- [What this task involves] Your copy of the lines below must match them exactly and contain no images.
Start of Collected material
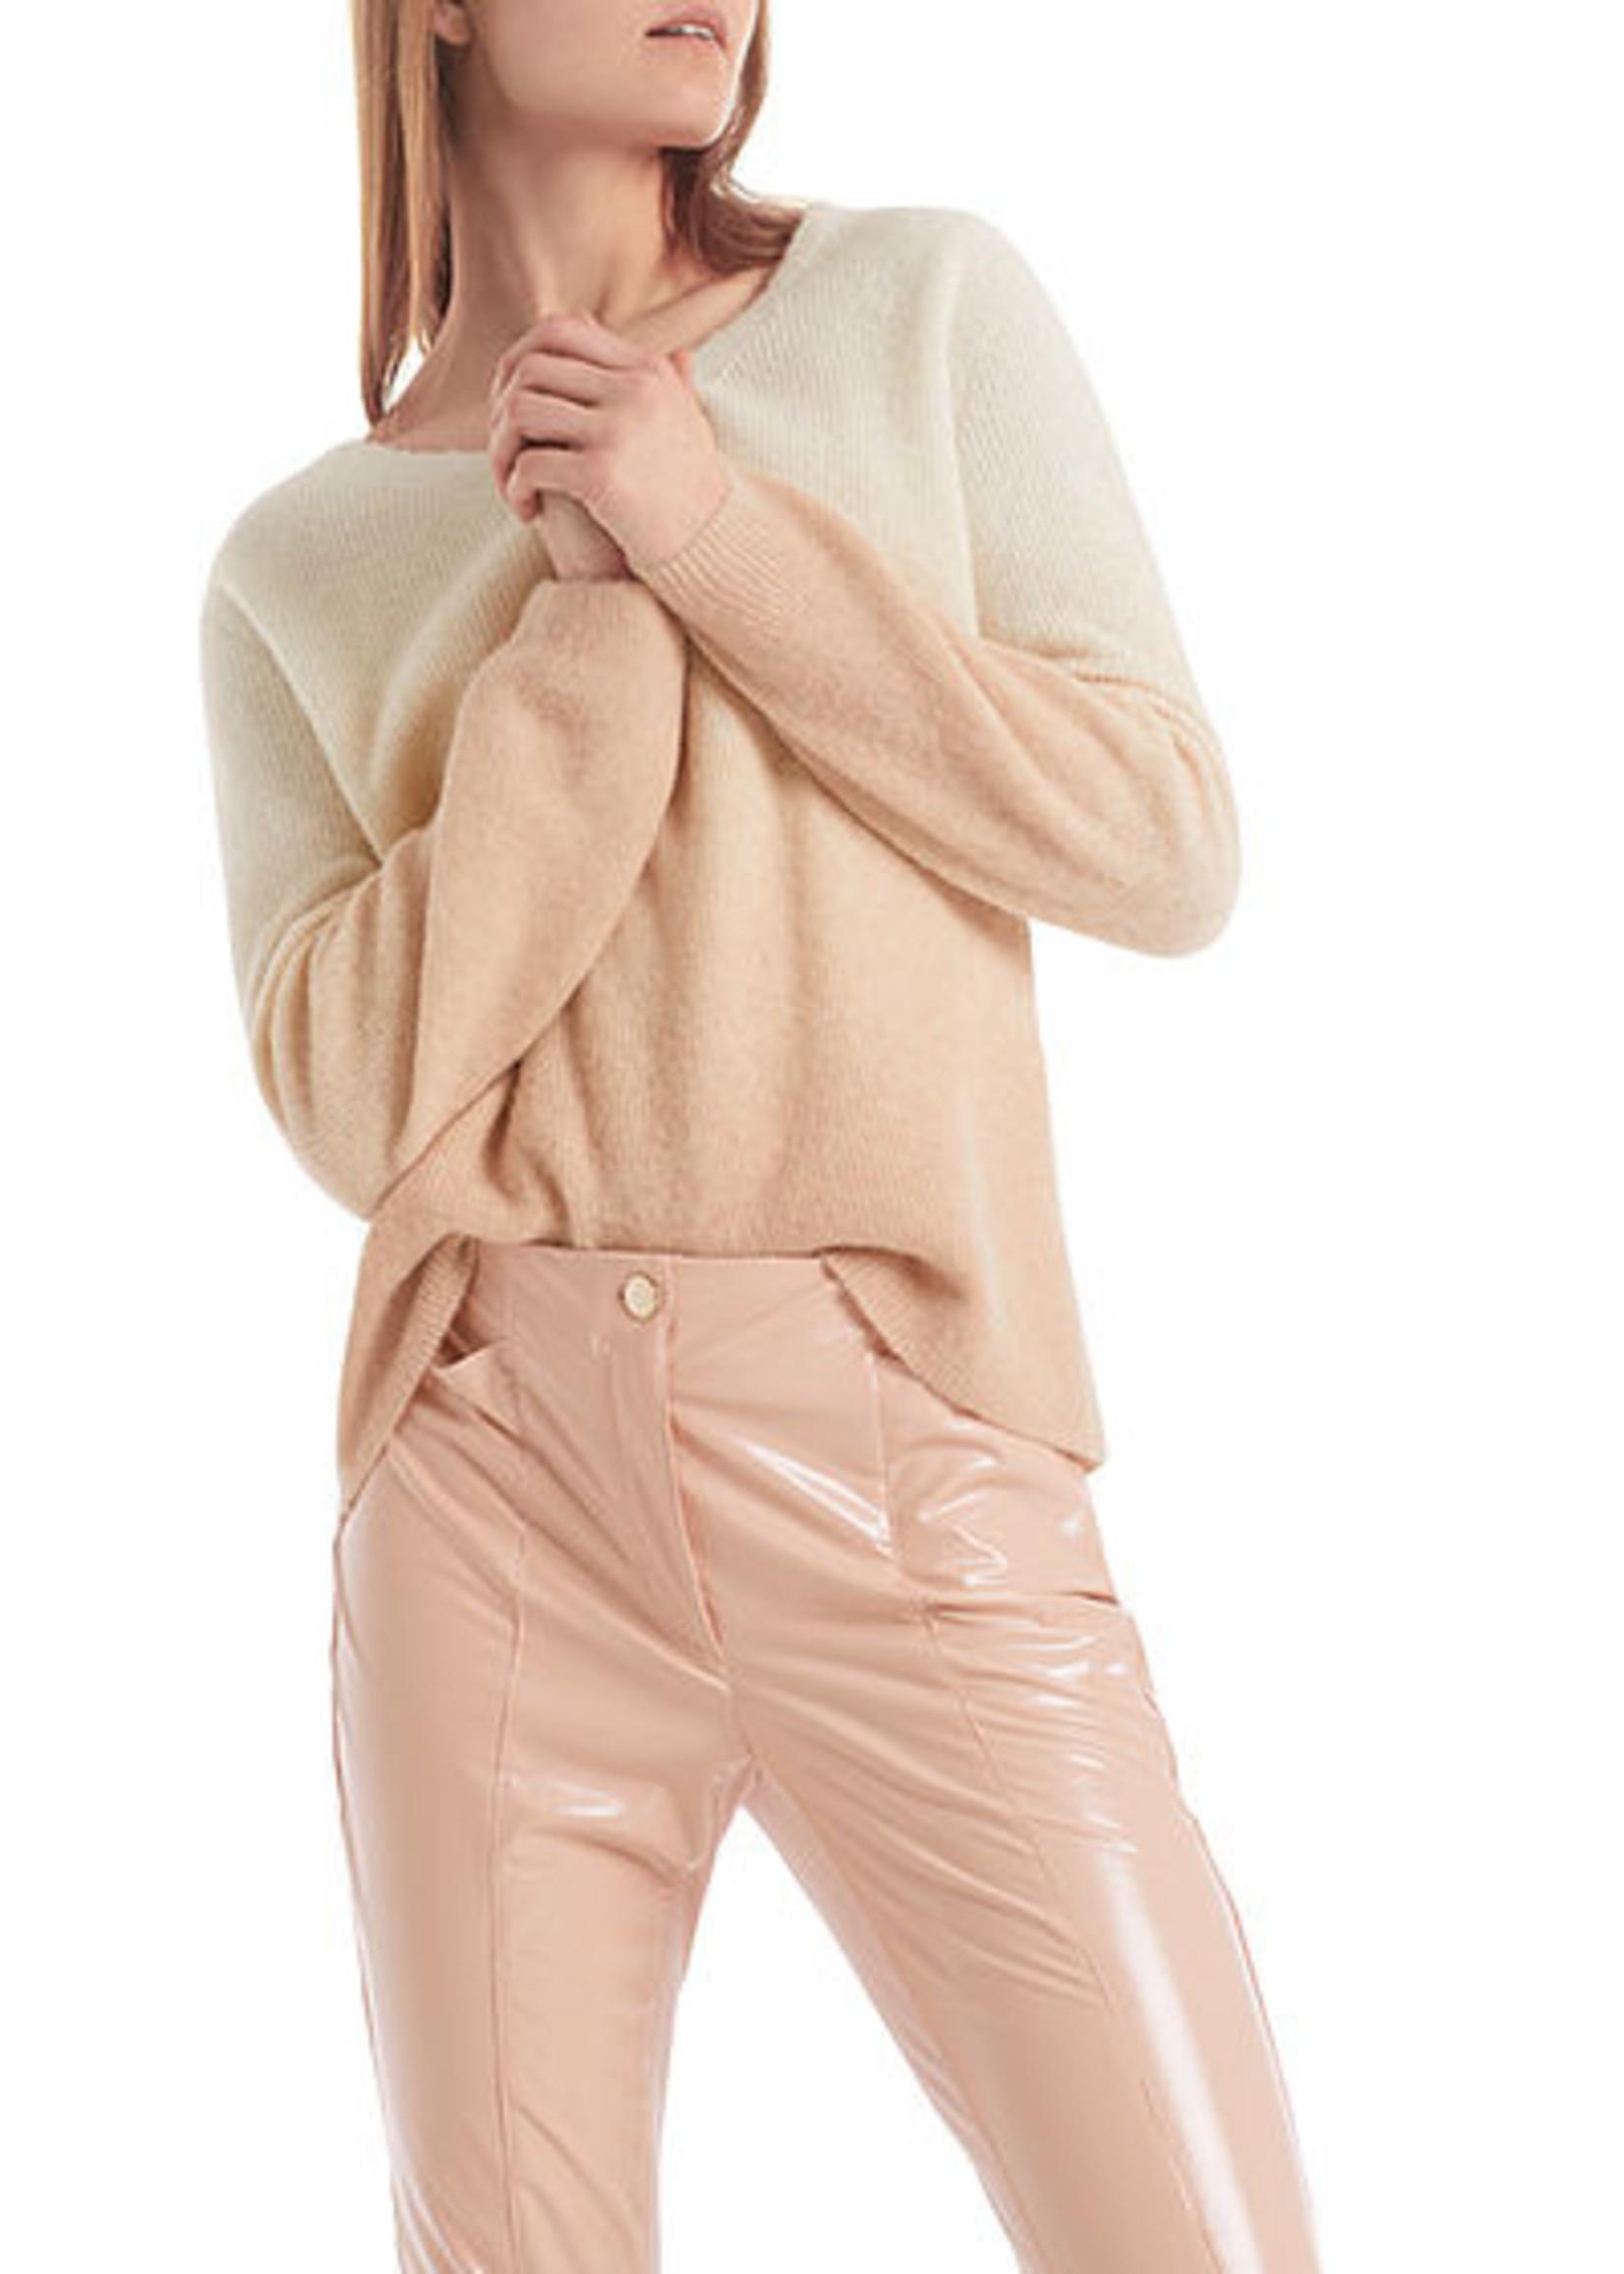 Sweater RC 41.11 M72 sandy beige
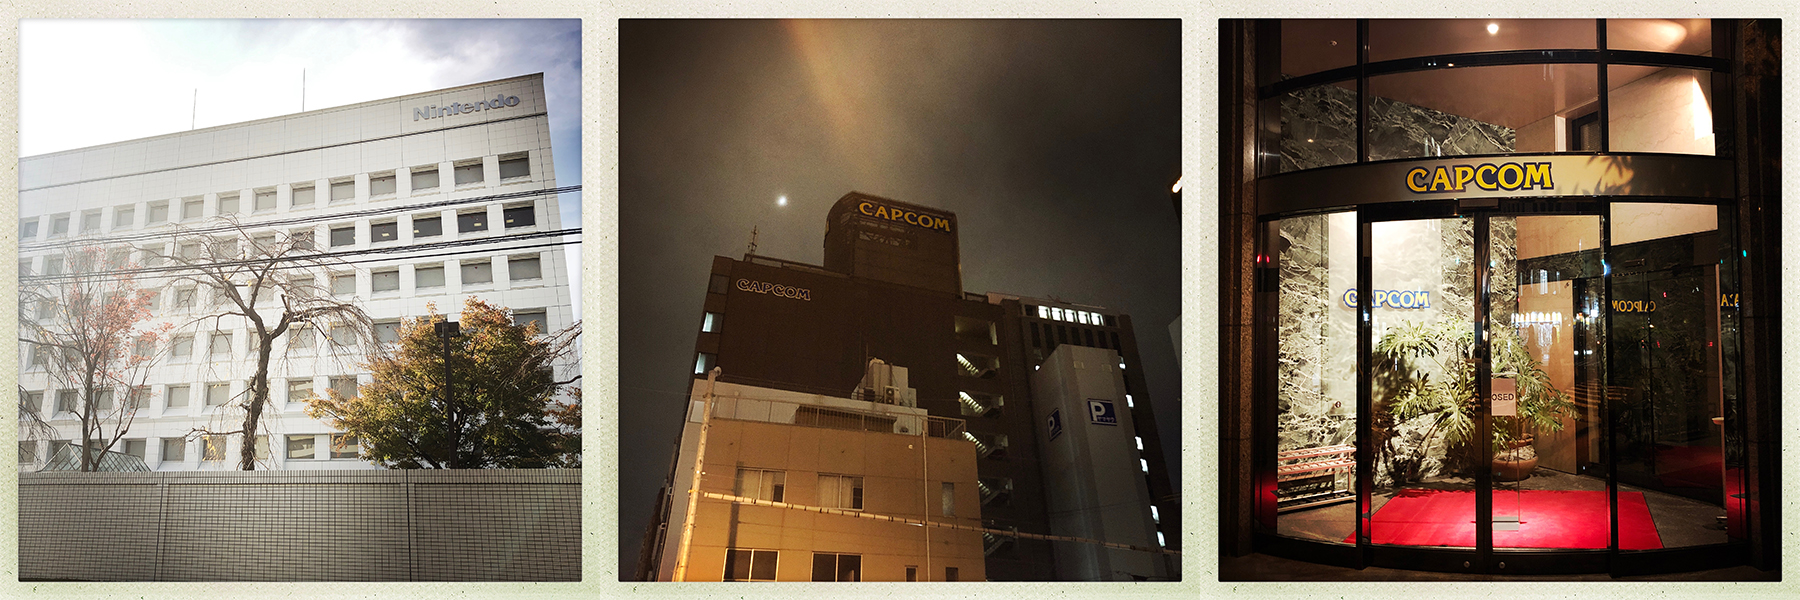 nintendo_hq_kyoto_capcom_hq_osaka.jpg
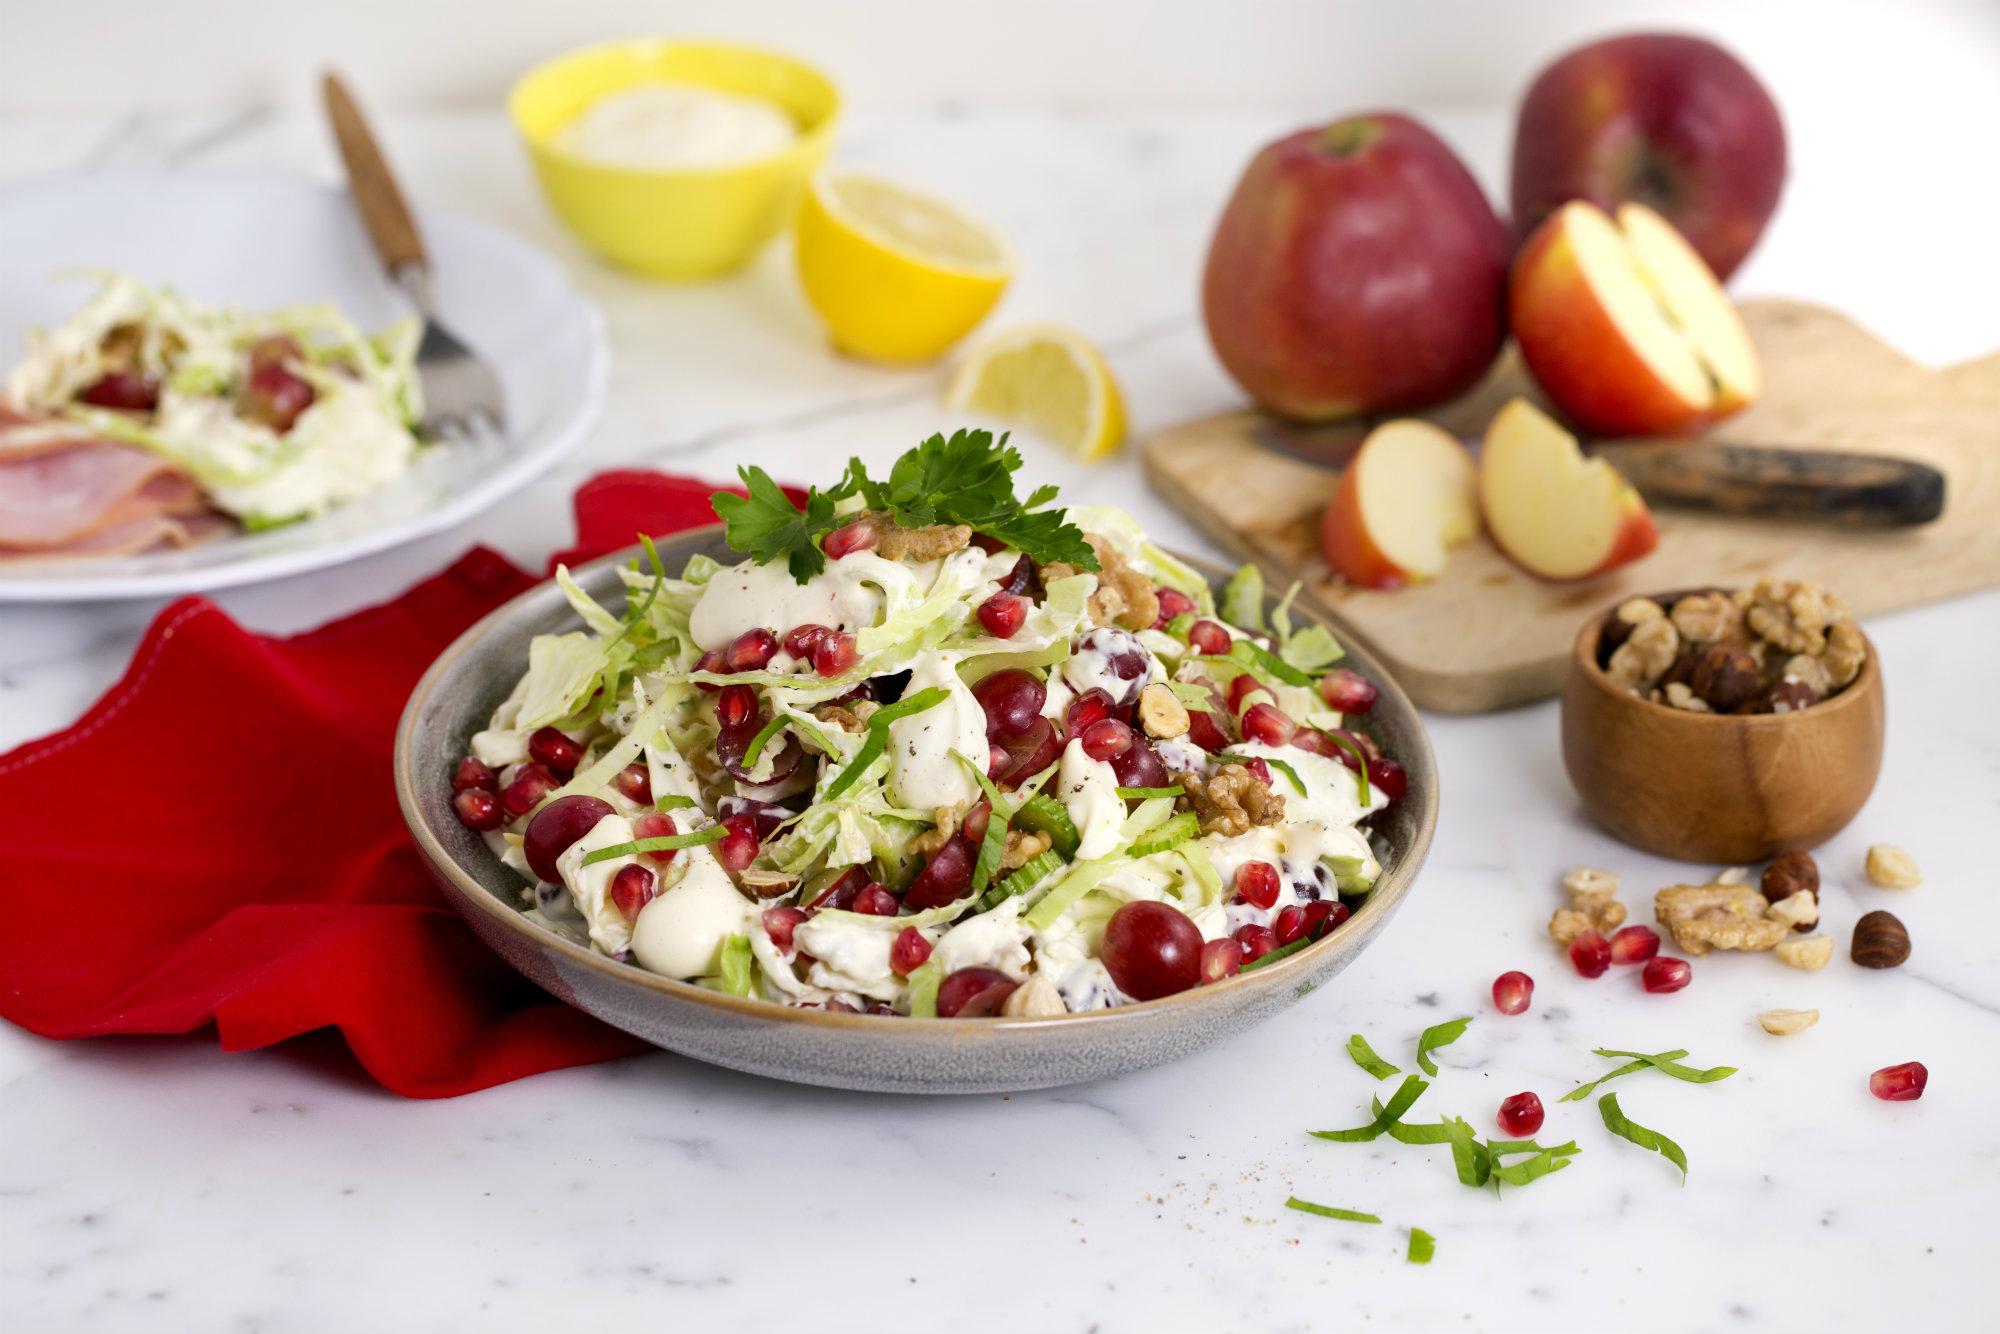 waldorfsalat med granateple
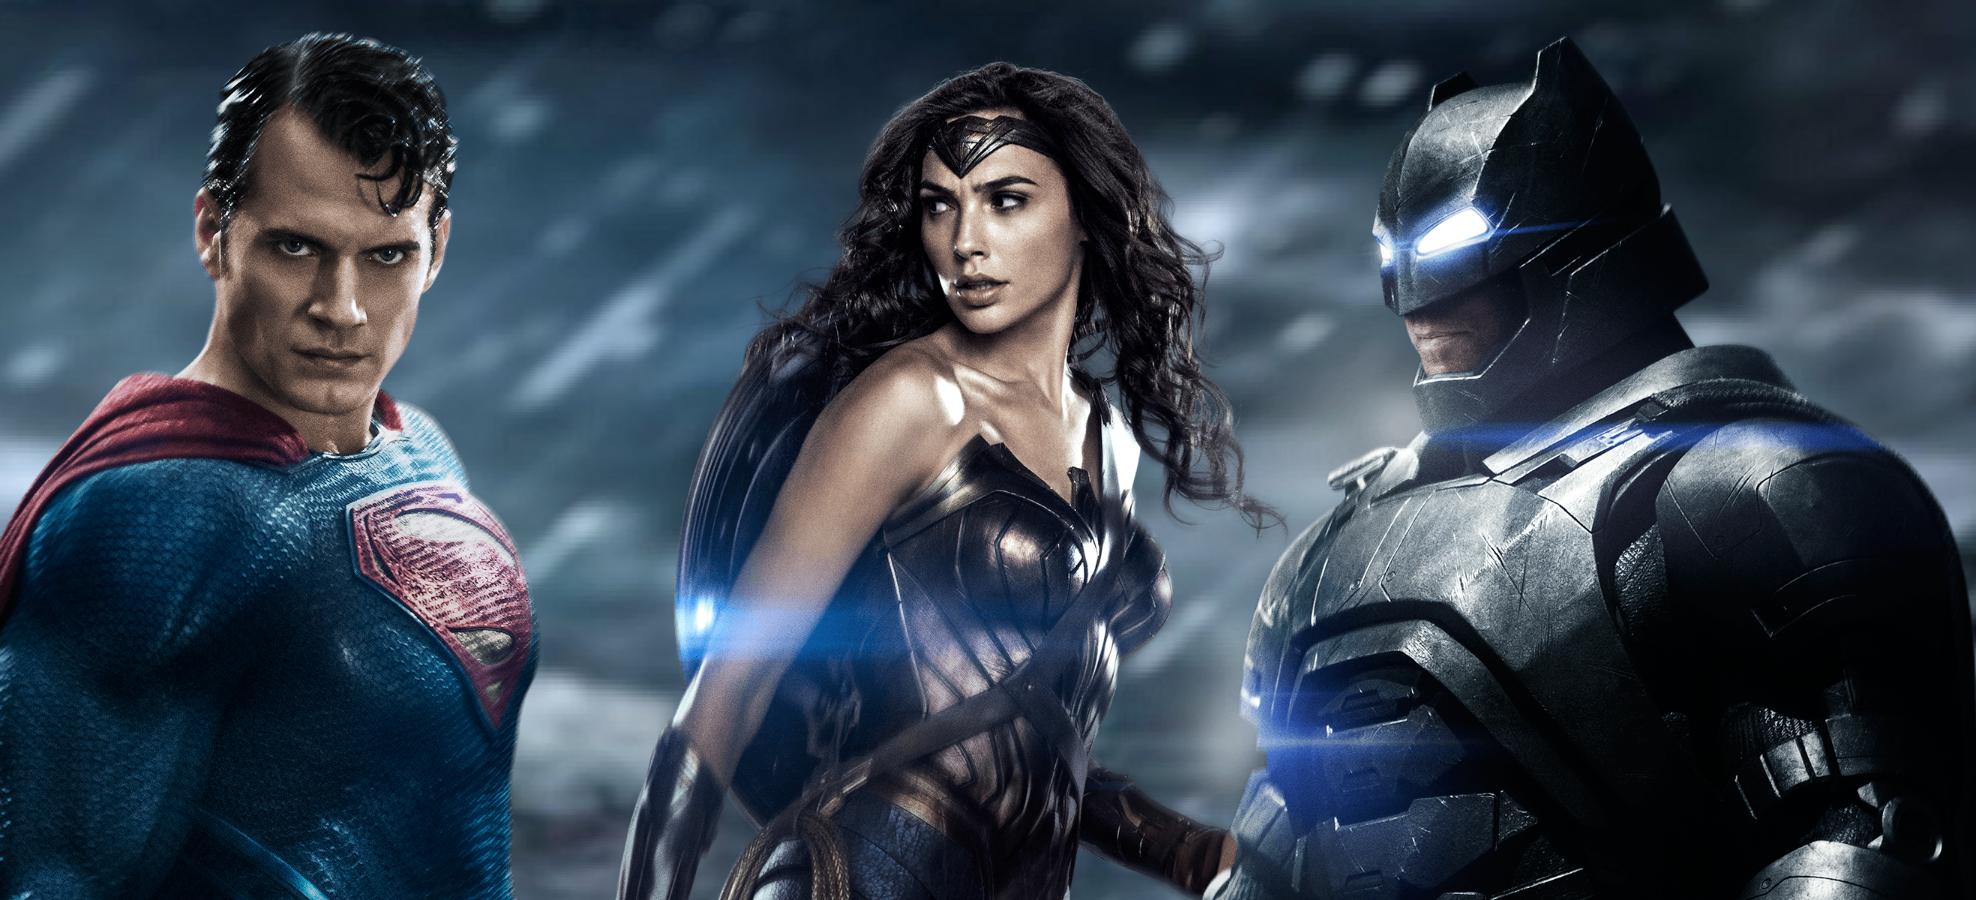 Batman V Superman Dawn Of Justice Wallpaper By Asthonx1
End of Collected material
- [Your solution]
 Sweater RC 41.11 M72 sandy beige
 nintendo_hq_kyoto_capcom_hq_osaka.jpg
 waldorfsalat med granateple
 Batman V Superman Dawn Of Justice Wallpaper By Asthonx1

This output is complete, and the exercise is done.